Emballée par le titre, le salaire, et l’ambiance de l’entreprise, Céline accepte le nouveau poste que lui propose son nouvel employeur les yeux fermés. A tort. Ils ne se sont pas entendus sur le contenu de ses missions, et il lui reproche très vite de ne pas être à la hauteur. Son témoignage et les conseils de Béatrice Pigeon, consultante au cabinet Care.

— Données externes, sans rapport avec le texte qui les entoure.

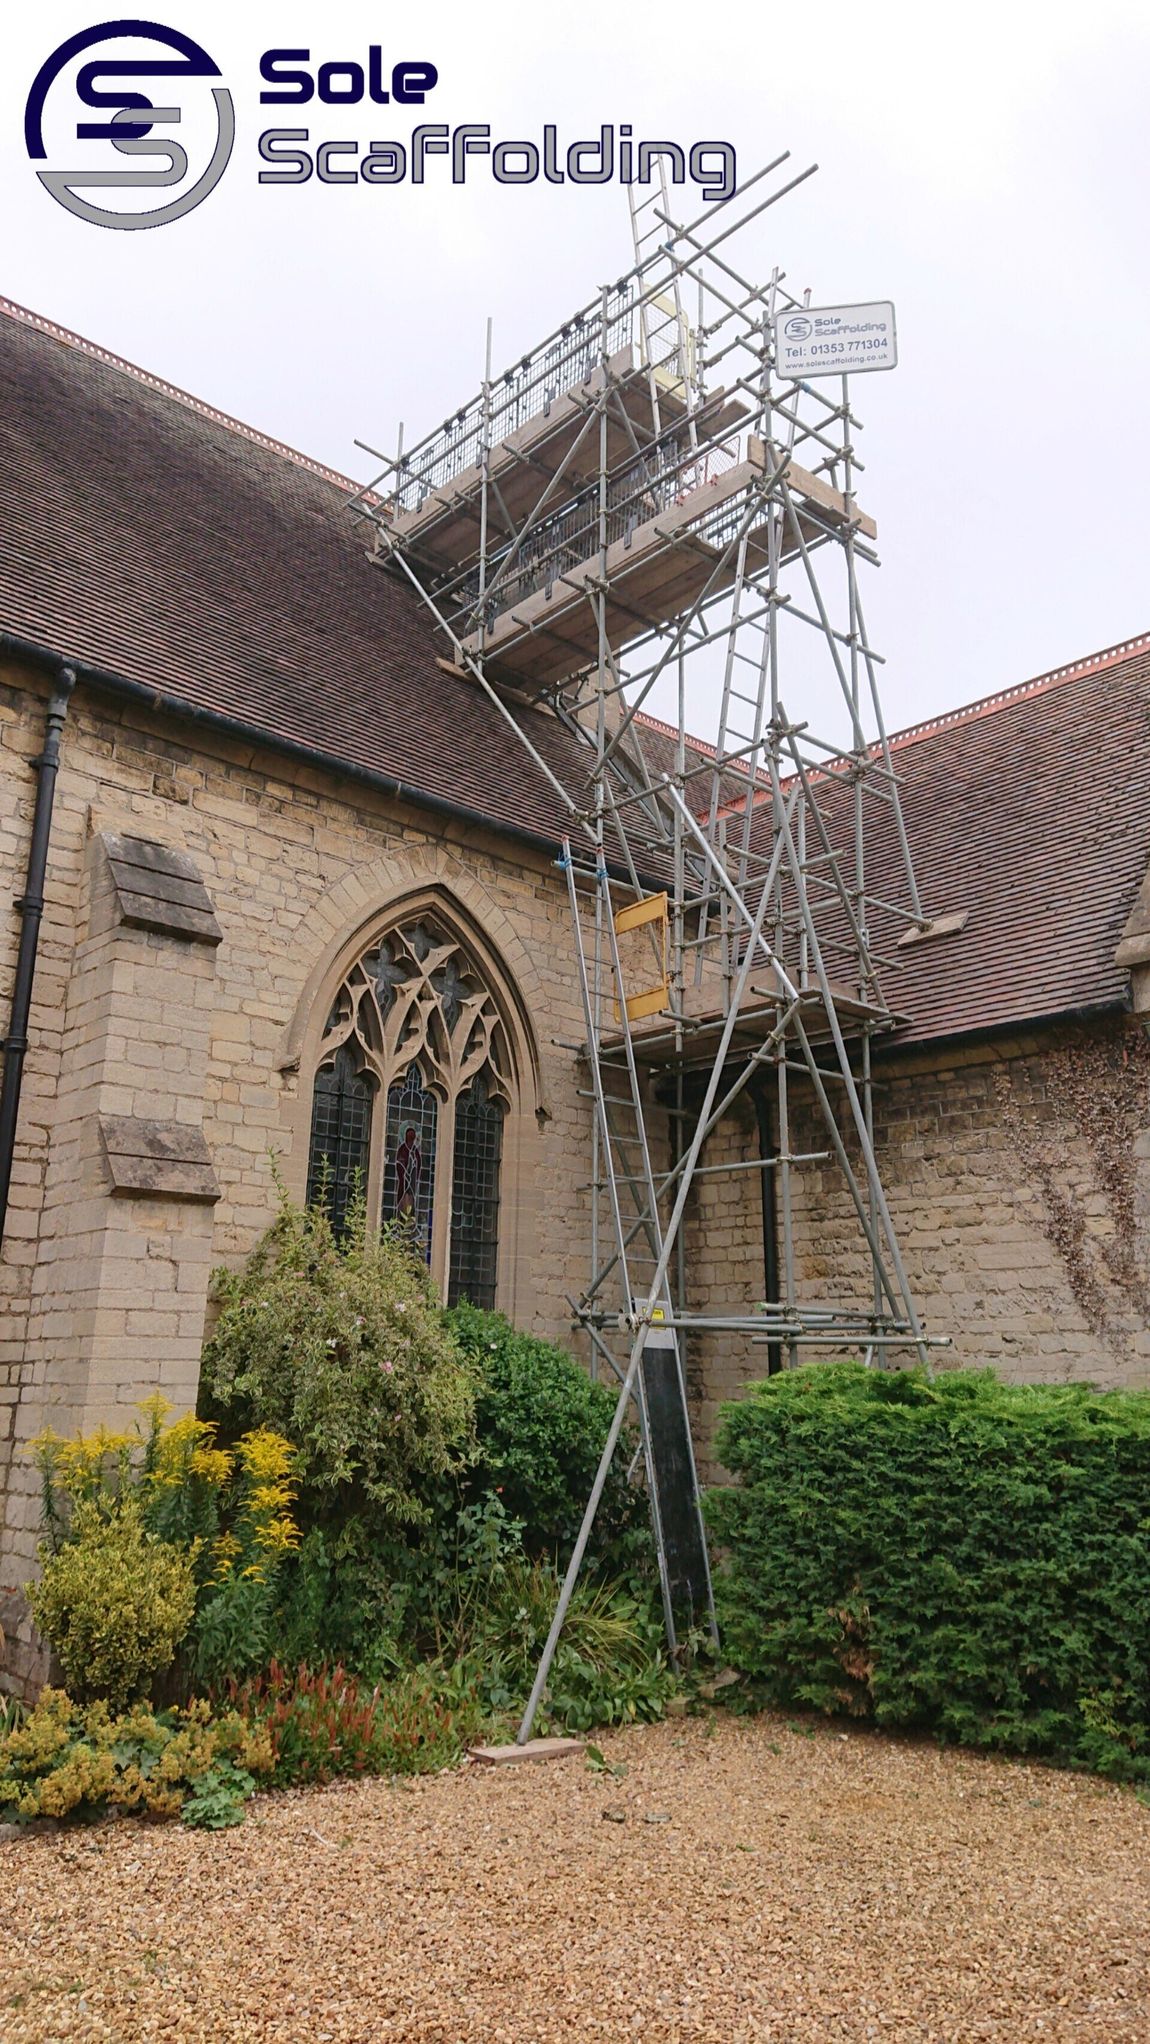 sole scaffolding - chimney scaffold for flue install in Ely
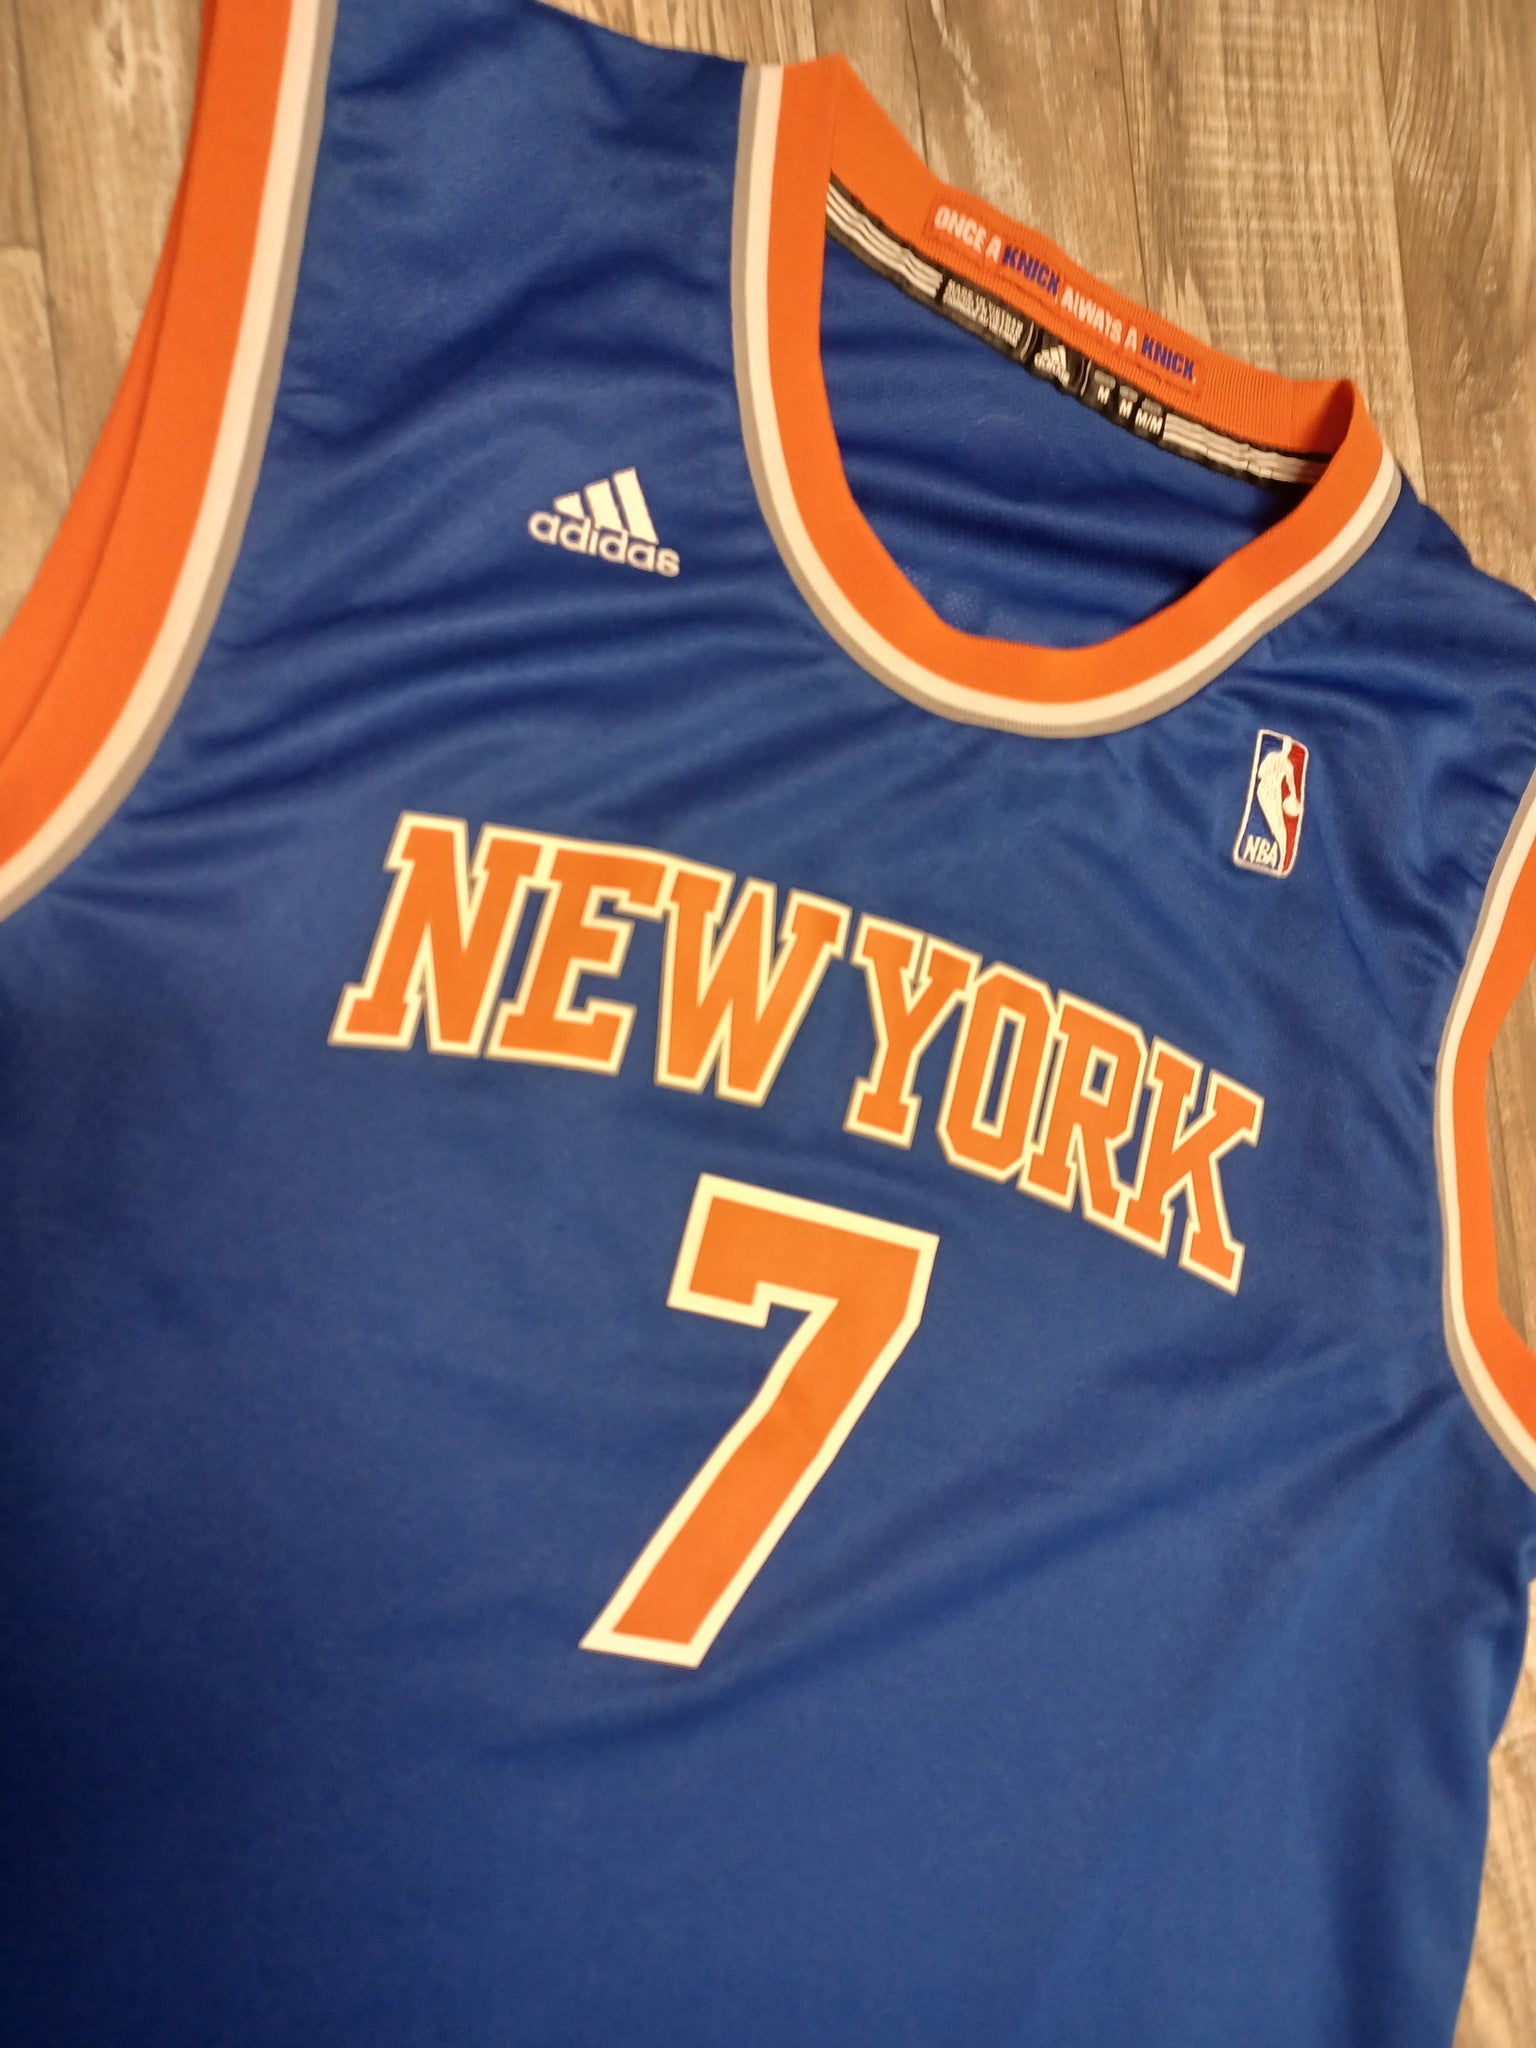 Carmelo Anthony New York Knicks Jersey Mask by SAYIDOWjpg

La situation. Après trois années en tant que chef de projets éditoriaux chez un éditeur, Céline s’ennuie. Informée par une connaissance qu’un poste se libère dans une petite agence de communication, elle saisit la balle au bond et propose sa candidature. Deux jours plus tard, elle rencontre le directeur de l’agence. « L’entretien s’est passé au feeling. Nous avons vaguement évoqué le poste. Je lui ai tout de même précisé que je n’avais jamais organisé d’évènementiel ni été chargée de relations publiques. » Elle sort d’une structure où les lourdeurs de l’organisation sont légion. L’état d’esprit semble lui convenir. Le salaire proposé, supérieur de 500 euros à celui qu’elle touchait auparavant, fait définitivement pencher la balance. Elle démissionne et en mai 2005 prend ses nouvelles fonctions. Son contrat lui parvient un mois après son arrivée. Surprise. Alors qu’elle s’imagine consultante, elle découvre l’intitulé de son poste : responsable de communication. « C’est à cette période que le directeur m’a annoncé à l’équipe comme son bras droit ». Flattée, elle débute confiante et enthousiaste. Très vite, elle prend conscience de l’étendue des responsabilités qui lui incombent, et s’aperçoit qu’elle n’a pas forcément les compétences requises... « Ce malentendu a entraîné tous mes déboires... Au départ, je coordonnais la réalisation de plaquettes institutionnelles. Mais ensuite, j’ai dû encadrer l’ensemble du pôle édition, l’organisation de colloques, le suivi des périodiques. » Céline n’ose cependant pas aborder frontalement ce « décalage » avec son chef. Plus le temps avance, plus elle se sent sous pression. « Je perdais pied car je n’étais pas encore autonome, reconnaît-t-elle. Mais je me suis investie à fond ». Accusée par son responsable de ne rien faire, elle vit douloureusement cette période. « Un matin, je suis arrivée à l’agence et mon employeur critiquait ouvertement mon travail auprès d’une collègue », se souvient-elle. Elle réalise alors que le mode managérial induit la mise à l’épreuve que l’équipe lui fait subir. Aujourd’hui, elle n’a plus confiance et veut démissionner.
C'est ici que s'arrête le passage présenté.